Core Concept 1: VPC, Subnets, and Foundational Controls

Every Google Cloud resource that requires networking, like a Compute Engine VM or a GKE cluster, lives within a global Virtual Private Cloud (VPC) network. A VPC is a logically isolated virtual network partition with its own IP range, firewall rules, and routing tables. Your first critical design choice is between auto-mode and custom-mode VPCs.
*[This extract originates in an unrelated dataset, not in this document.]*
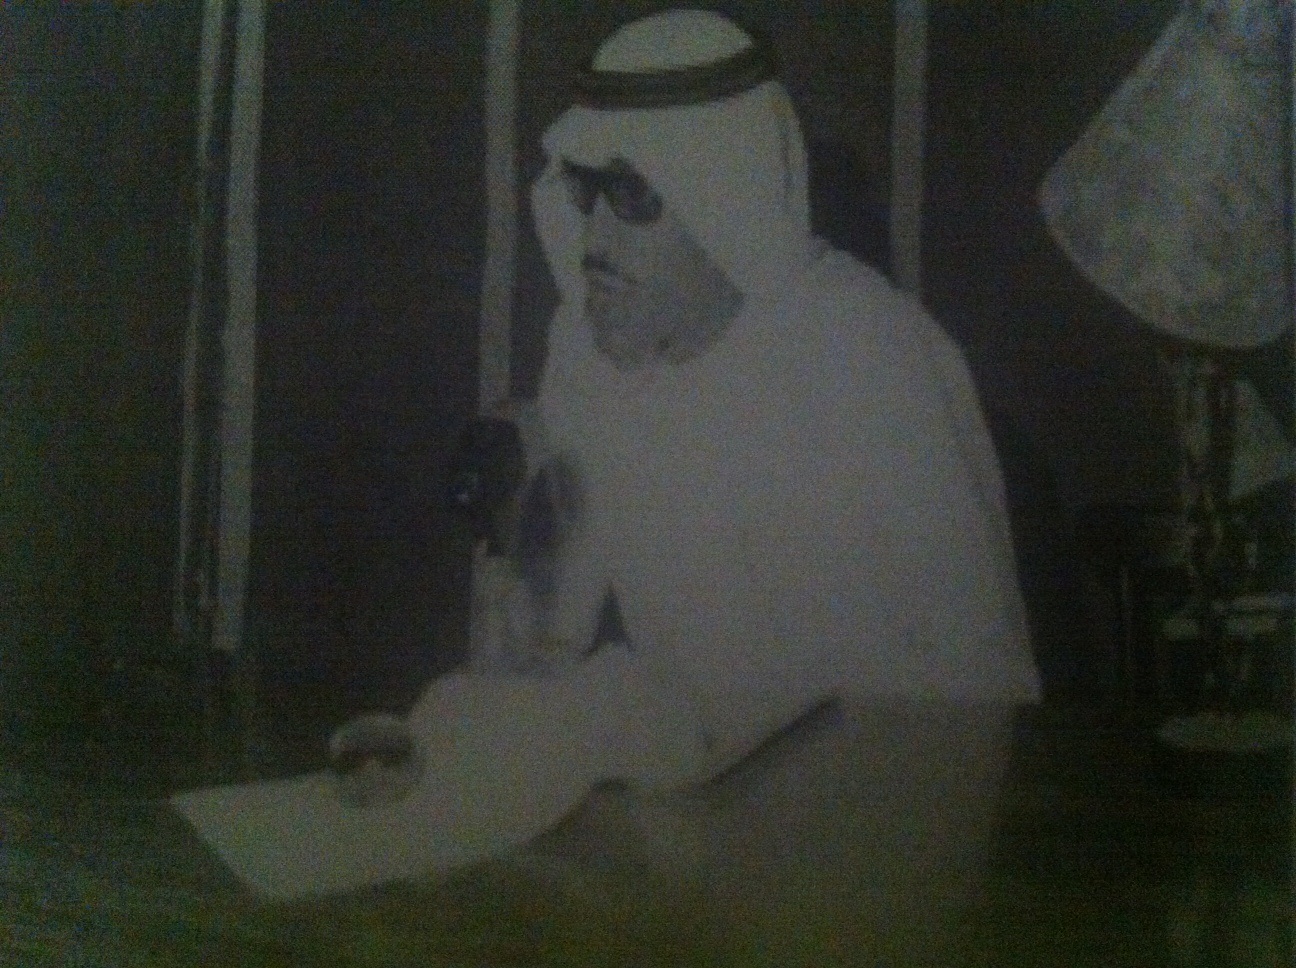 عبدالله منّاع يلقي محاضرته "المستقبل" في نادي الاتحاد عام 1964 (المصدر: أرشيف عبدالله منّاع)

An auto-mode VPC network is the default and is excellent for quick prototyping. Google Cloud automatically creates one subnet in each region with a predetermined IP range from the 10.128.0.0/9 CIDR block. This is convenient but inflexible; you cannot control the exact IP ranges of these subnets, which can lead to overlapping IP space if you later need to peer with other networks. In contrast, a custom-mode VPC network starts with no subnets, giving you complete control. You manually define each subnet's region and IP range (CIDR block), allowing for precise, non-overlapping designs that are essential for production environments and complex topologies involving VPC peering or hybrid connectivity via Cloud VPN or Cloud Interconnect. For any exam scenario implying long-term architecture, scalability, or interconnection, custom-mode is almost always the correct choice.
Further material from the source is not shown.